Reeling it In: “10 Cloverfield Lane”

“10 Cloverfield Lane”

Paramount Pictures

1 hour, 43 minutes

 

 

This week’s film marks a rare occasion for me. In the days before the internet, it was possible to go see a movie without knowing anything about it ahead of time. It’s still possible, but only if you don’t own a computer, TV, phone, or you’re going to a midnight screening of an obscure Dutch experimental film.

“10 Cloverfield Lane” is the exception to the rule. I’d seen a trailer once, and that was about it. This movie kind of snuck up on everyone, and I think that’s how producer J.J. Abrams likes it. It’s not that the movie was created in secret. Director Dan Trachtenberg was working under the tentative title “Valencia” for most of the filming. It was only when the title was changed and a trailer was released, teasing a tenuous, at best, connection to the found footage monster movie “Cloverfield” of several years ago, that people started to take notice. I have to say, it’s pretty cool to go in to a movie like this one blind. So thanks, J.J.

I’ll say right up front that I liked the movie and, despite a few minor flaws, found it to be a compact and surprising thriller with some great acting on display. If you don’t want to know more than that, quit reading now and go buy a ticket. Otherwise, I’ll elaborate. The movie opens with Mary Elizabeth Winstead who you might remember from “Scott Pilgrim vs. The World,” if you were one of the five people who saw that excellent and underrated film. Winstead plays Michelle who we meet on her way out of town, obviously running from some relationship trouble or another. Suddenly (and shockingly), Michelle’s car is in a terrible accident. When she next opens her eyes, she finds herself on a dirty mattress in a dingy cinder block room, one leg chained to the wall. An IV runs from her arm to a saline bag on a holder next to the bed. Has she been kidnapped? Is she under someone’s care? There are no answers and Michelle is understandably freaked out. And then a grizzled, angry John Goodman enters and manages not to soothe her at all.

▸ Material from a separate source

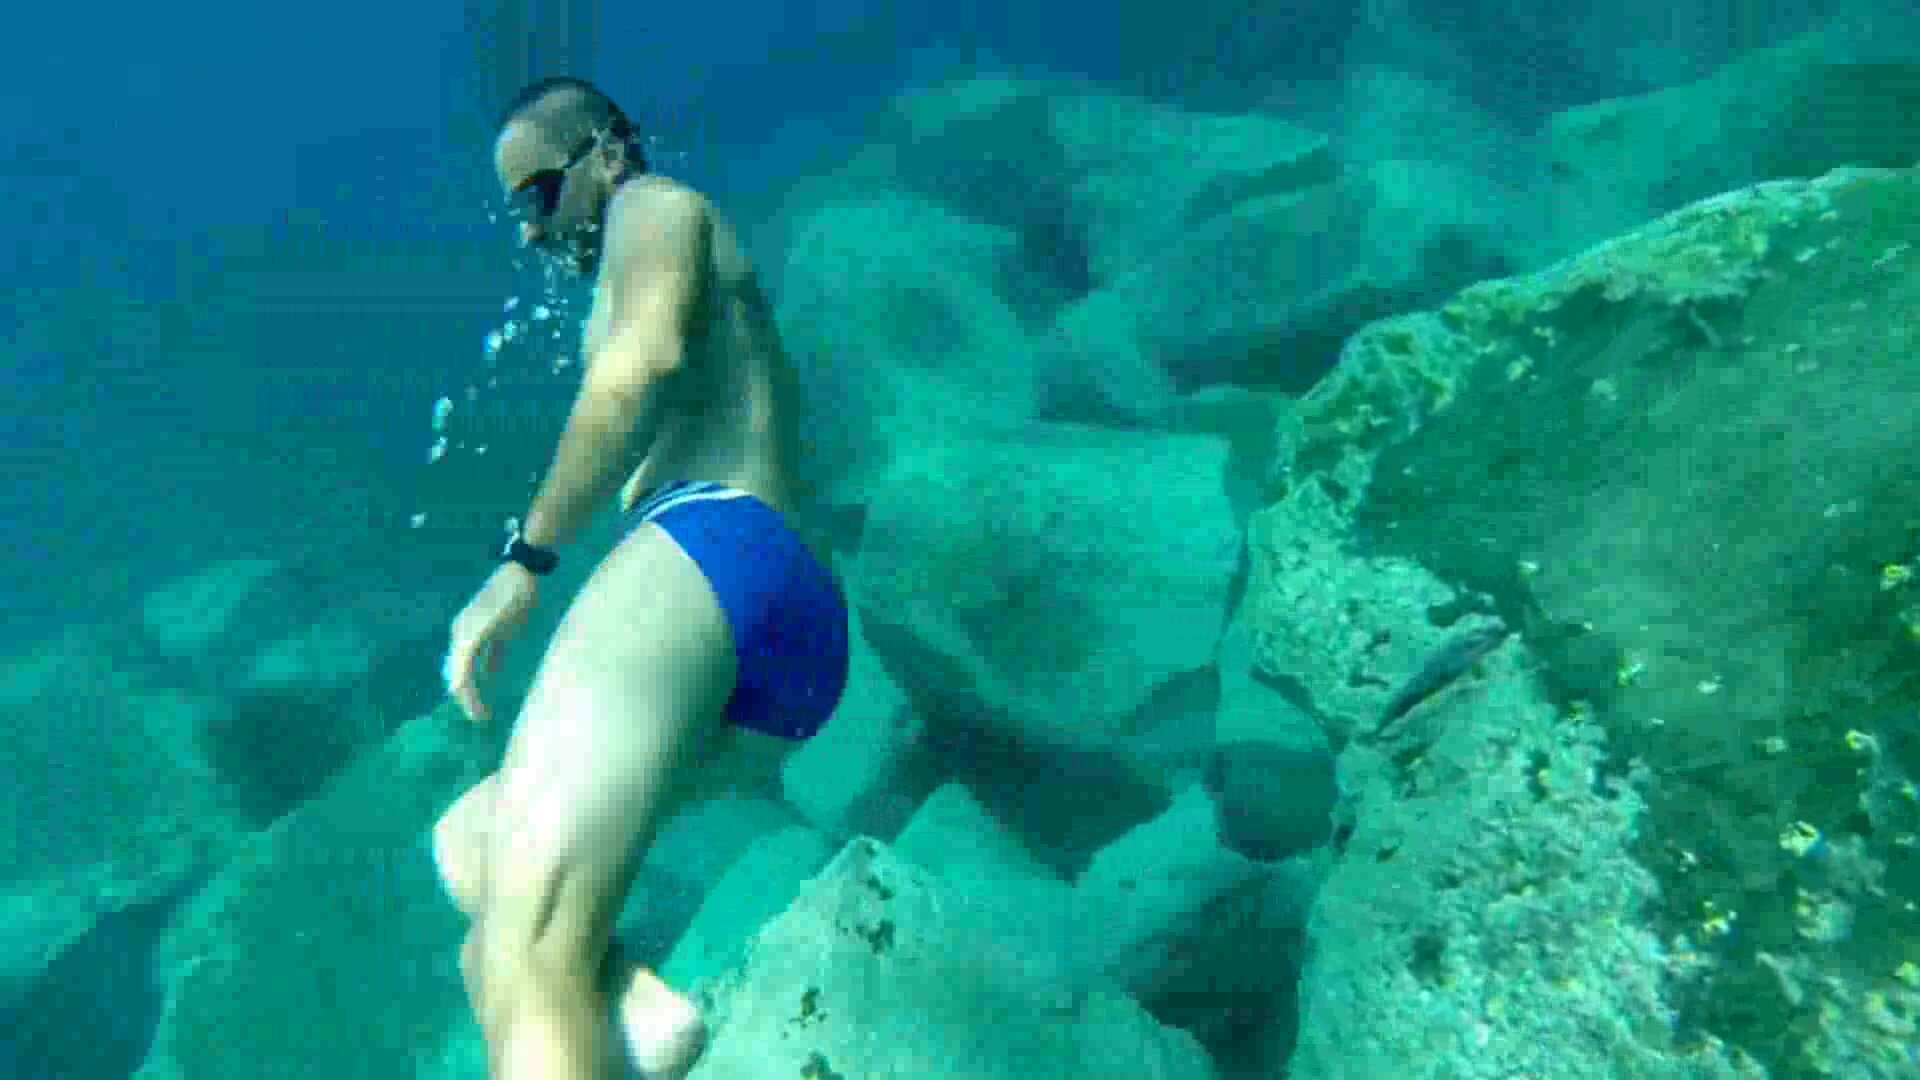 Cute guy underwater in blue speedo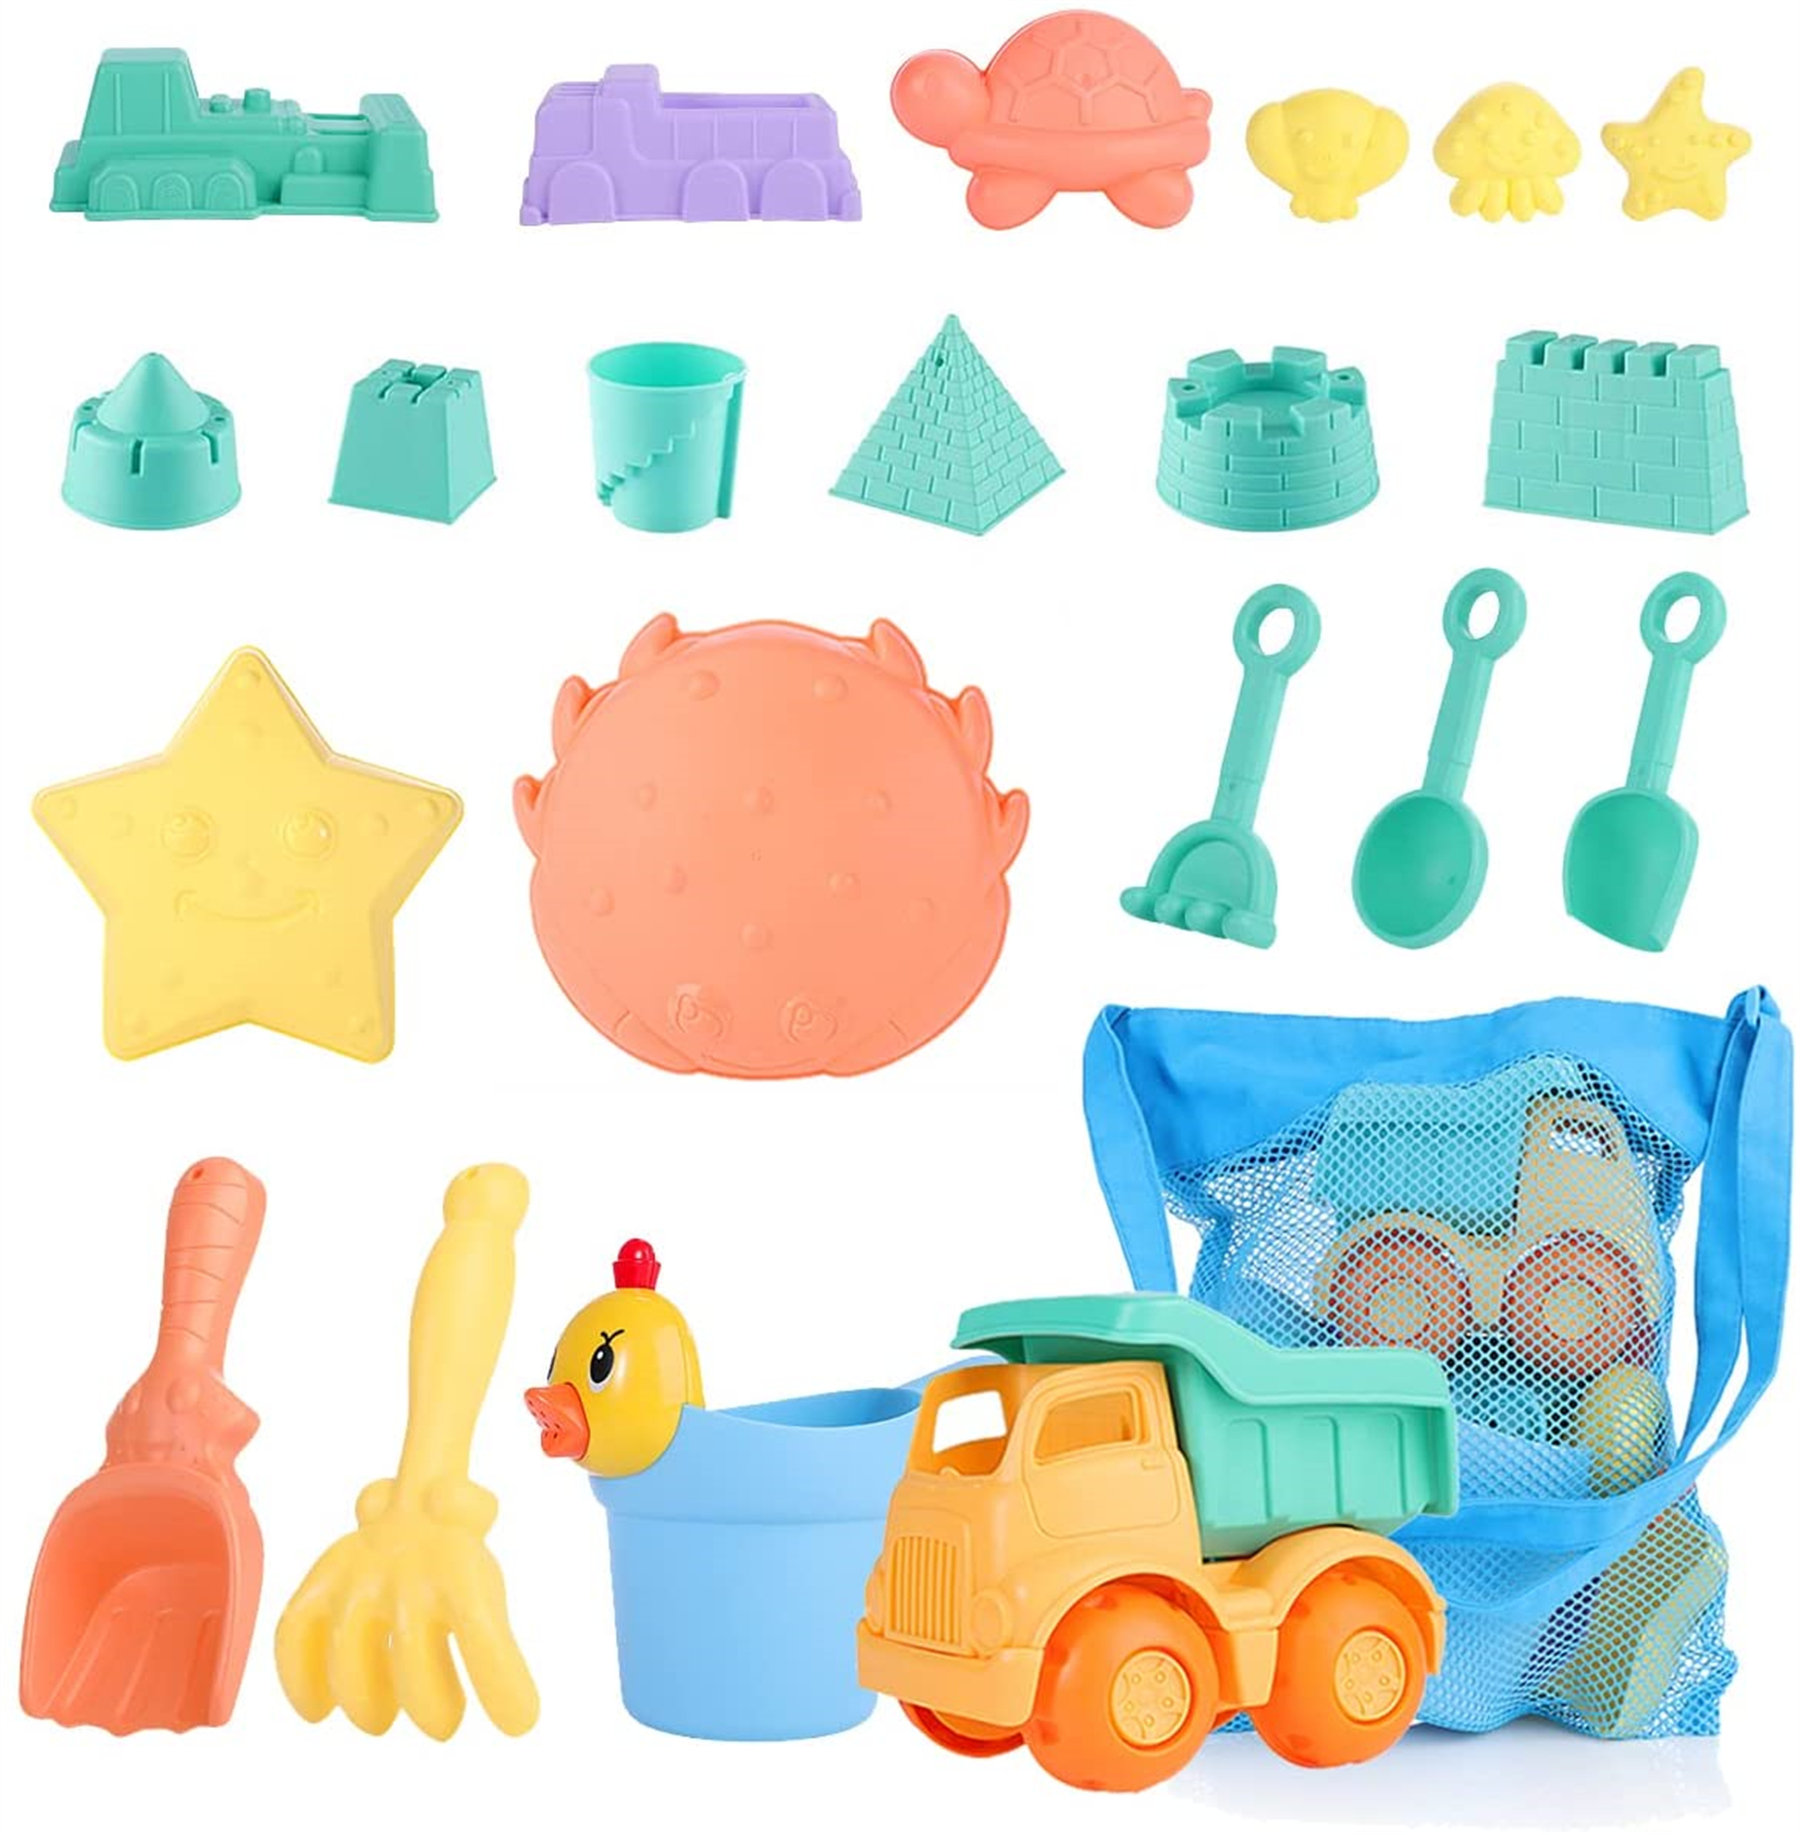 Beach Toys Includes Sand Toys Castle Sandbox Mesh Bag Shovels Fun Outdoor Games Beach Toys for Toddlers Kids Boys Girls Animal Molds Beach Sand Toys Set for Kids Rakes

Eventually, Howard (Goodman) reveals that this is a bomb shelter and that some kind of attack has occurred in the outside world. Also trapped inside is Emmett, a simple local boy who corroborates Howard’s story. But who is Emmett? Who is Howard, for that matter? And what is really happening outside the locked and sealed outer door?

I liked everything about the actual film that is “10 Cloverfield Lane.” The acting is excellent, and the small cast and tight quarters make possible the kind of mounting tension we saw in films like “Ex Machina.” Goodman is especially good, his moods swinging wildly from bemused grandpa to violent rage. Winstead is also very good, displaying strength and vulnerability in equal measure. John Gallagher Jr., who plays Emmett, is an actor I hadn’t seen before, but I imagine we’ll see more of after this. He reads as kind of a scragglier Jason Sudeikis — funny, but with a little bit of an edge. The three actors play well together and the film, short as it is, never flounders for the lack of supporting characters. The directing by Dan Trachtenberg, previously known for short films, mostly, is pretty remarkable considering the limited, compact space there is for filming. The film feels a little claustrophobic, by design, but it’s never boring and the shots are visually appealing and interesting.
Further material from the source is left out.